## Your goal
Return the lines of the material below exactly, beginning with the line that has "Modernes, elegantes Paar, kreiert" in it and finishing with the line that has "22026 TalleR Нож" in it. Leave all pictures aside.

## Data provided
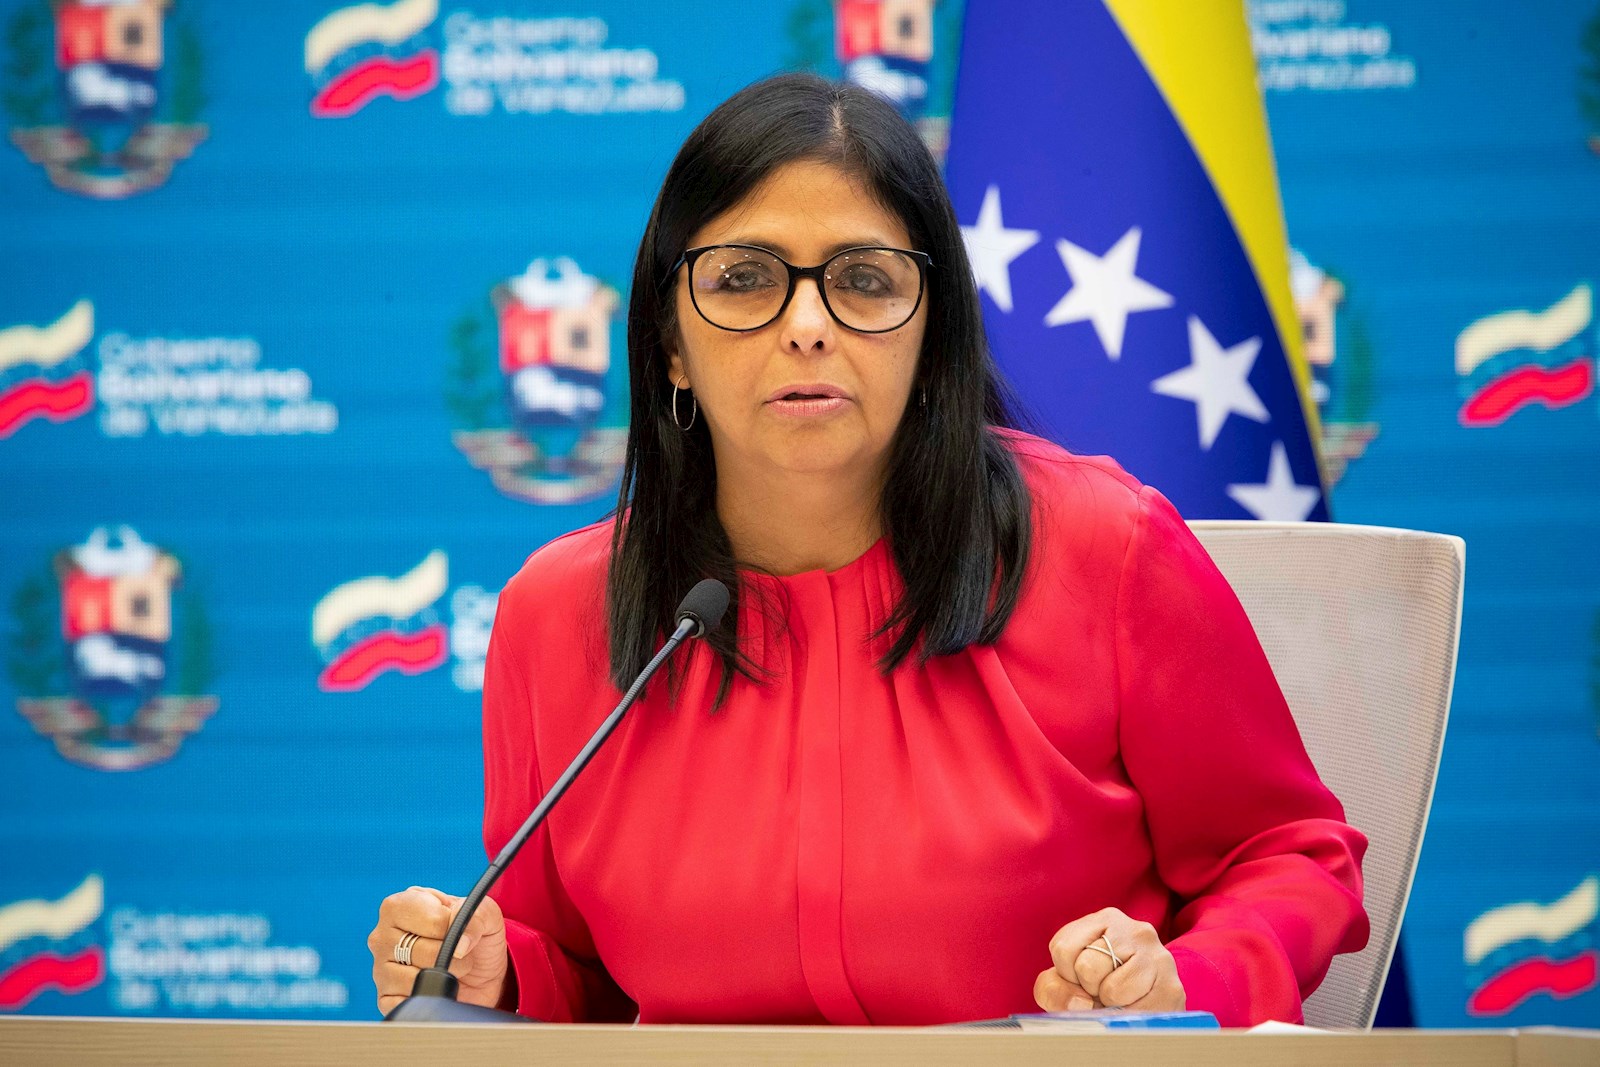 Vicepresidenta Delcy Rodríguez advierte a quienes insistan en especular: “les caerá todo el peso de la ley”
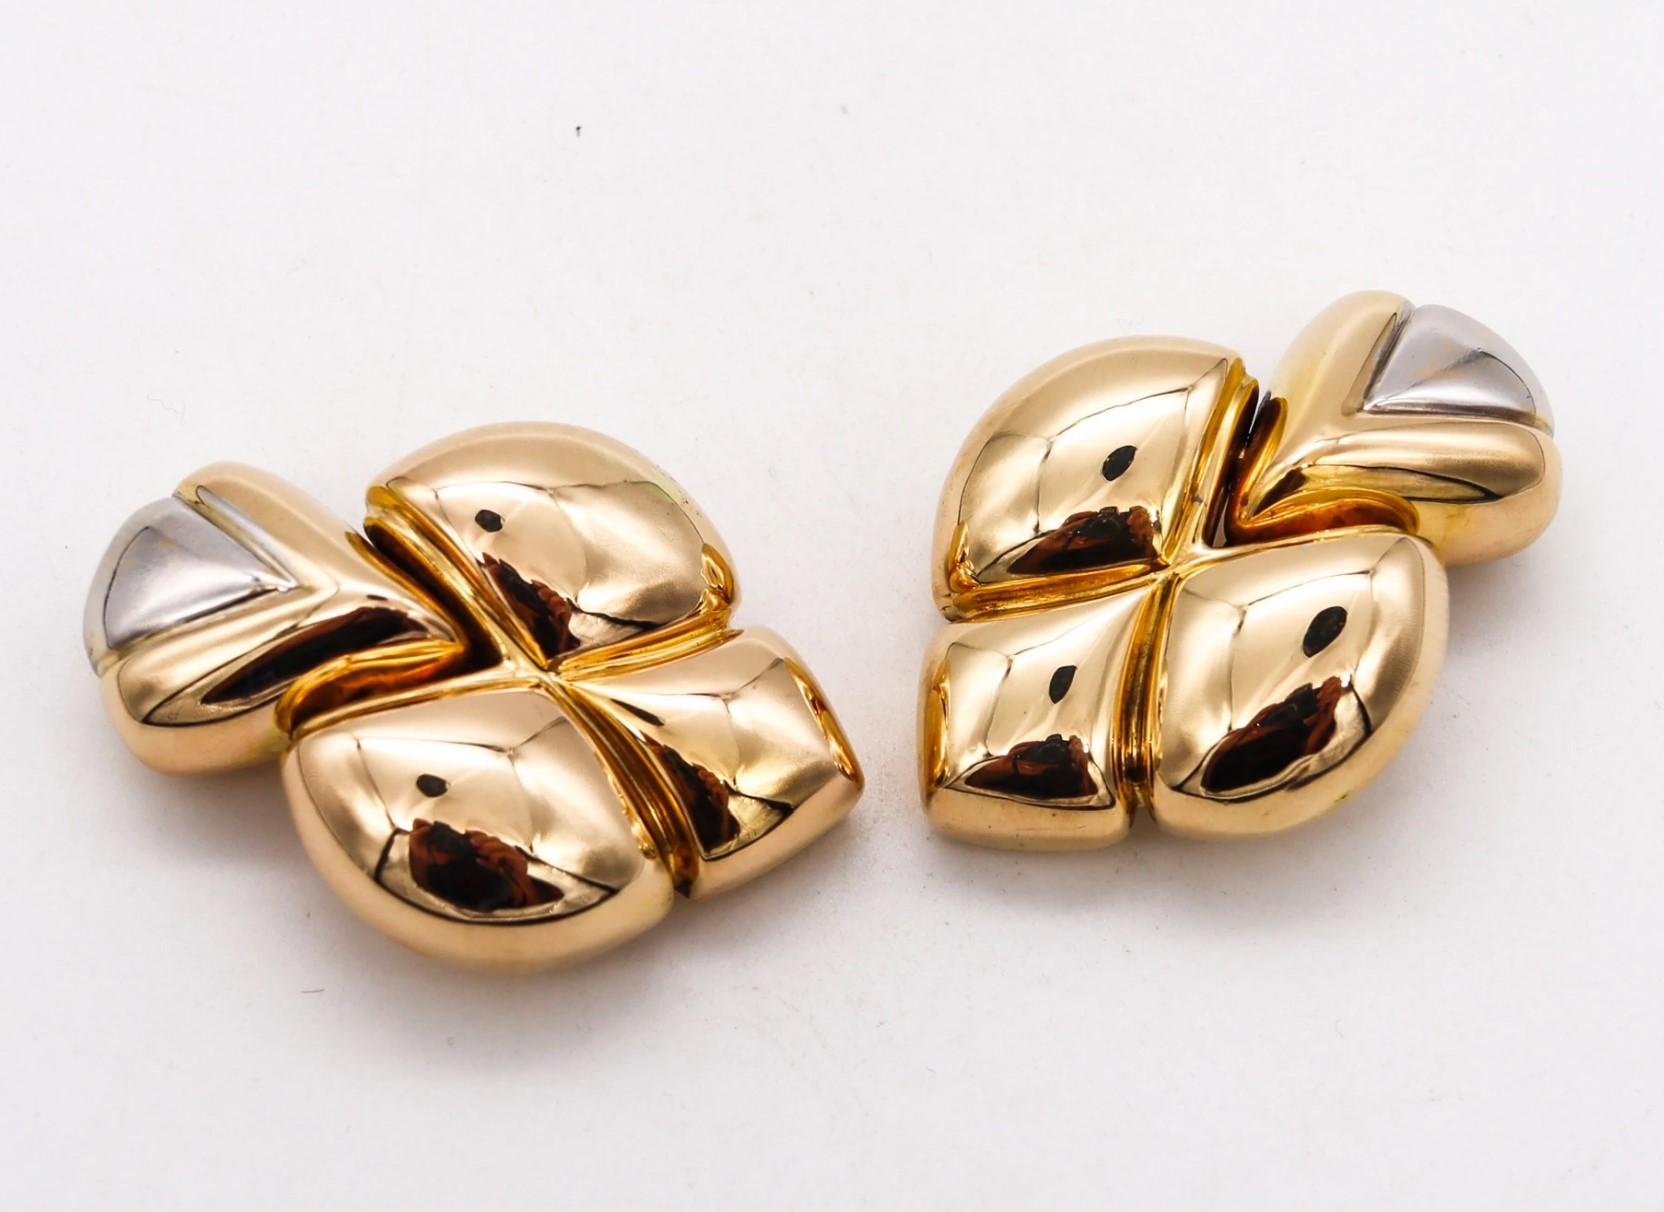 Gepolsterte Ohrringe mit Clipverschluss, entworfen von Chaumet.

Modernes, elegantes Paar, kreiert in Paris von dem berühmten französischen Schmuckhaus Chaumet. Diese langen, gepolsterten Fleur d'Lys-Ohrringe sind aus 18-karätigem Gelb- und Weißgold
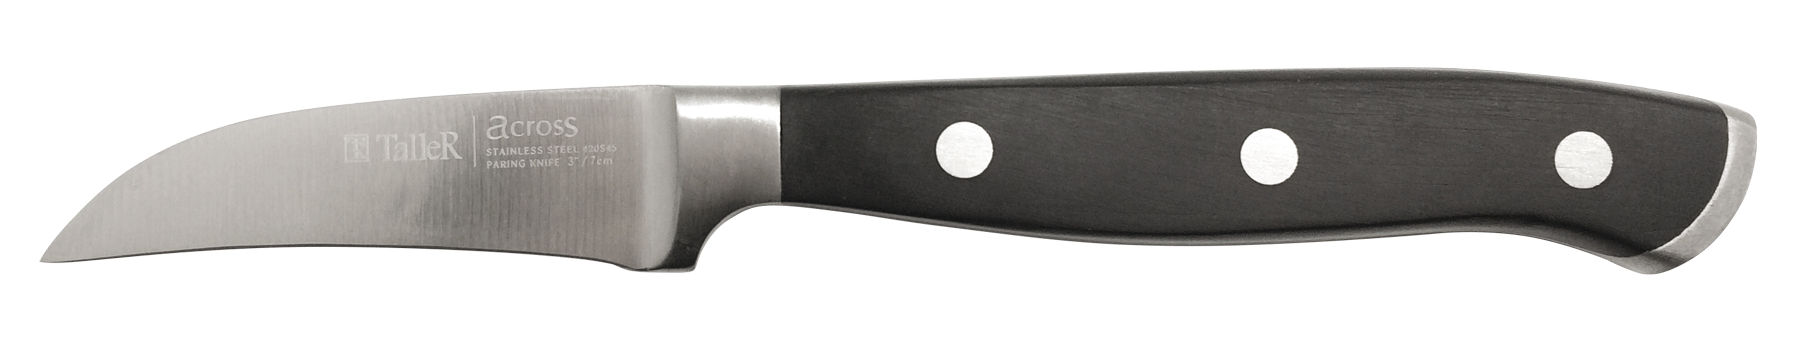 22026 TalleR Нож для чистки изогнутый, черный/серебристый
* * *
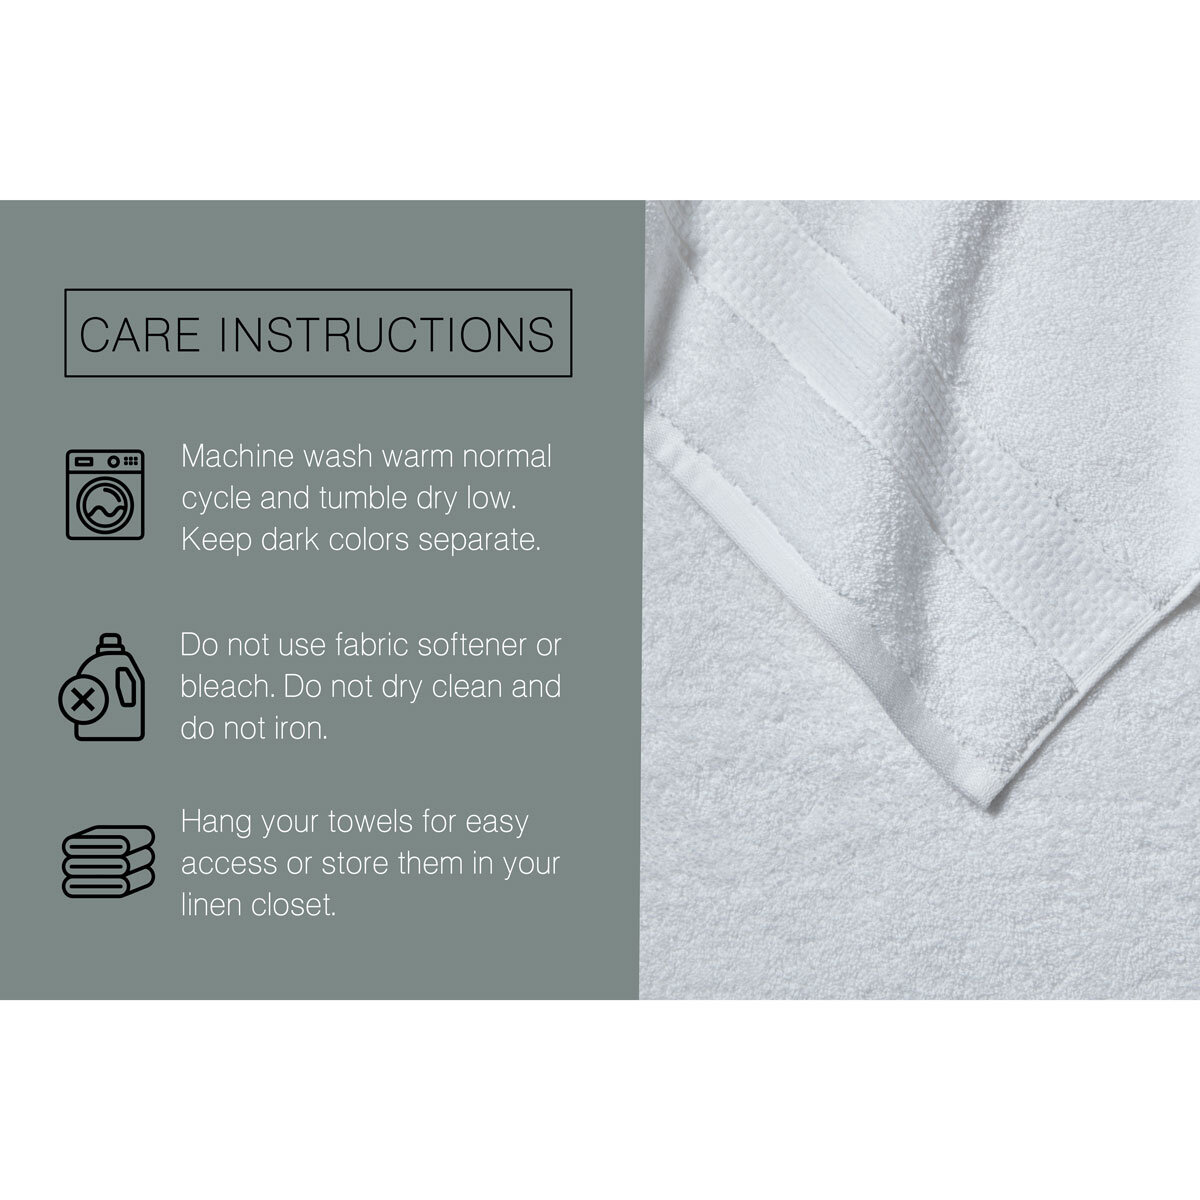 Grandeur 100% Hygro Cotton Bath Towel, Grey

## Response to the exercise
Modernes, elegantes Paar, kreiert in Paris von dem berühmten französischen Schmuckhaus Chaumet. Diese langen, gepolsterten Fleur d'Lys-Ohrringe sind aus 18-karätigem Gelb- und Weißgold
 22026 TalleR Нож для чистки изогнутый, черный/серебристый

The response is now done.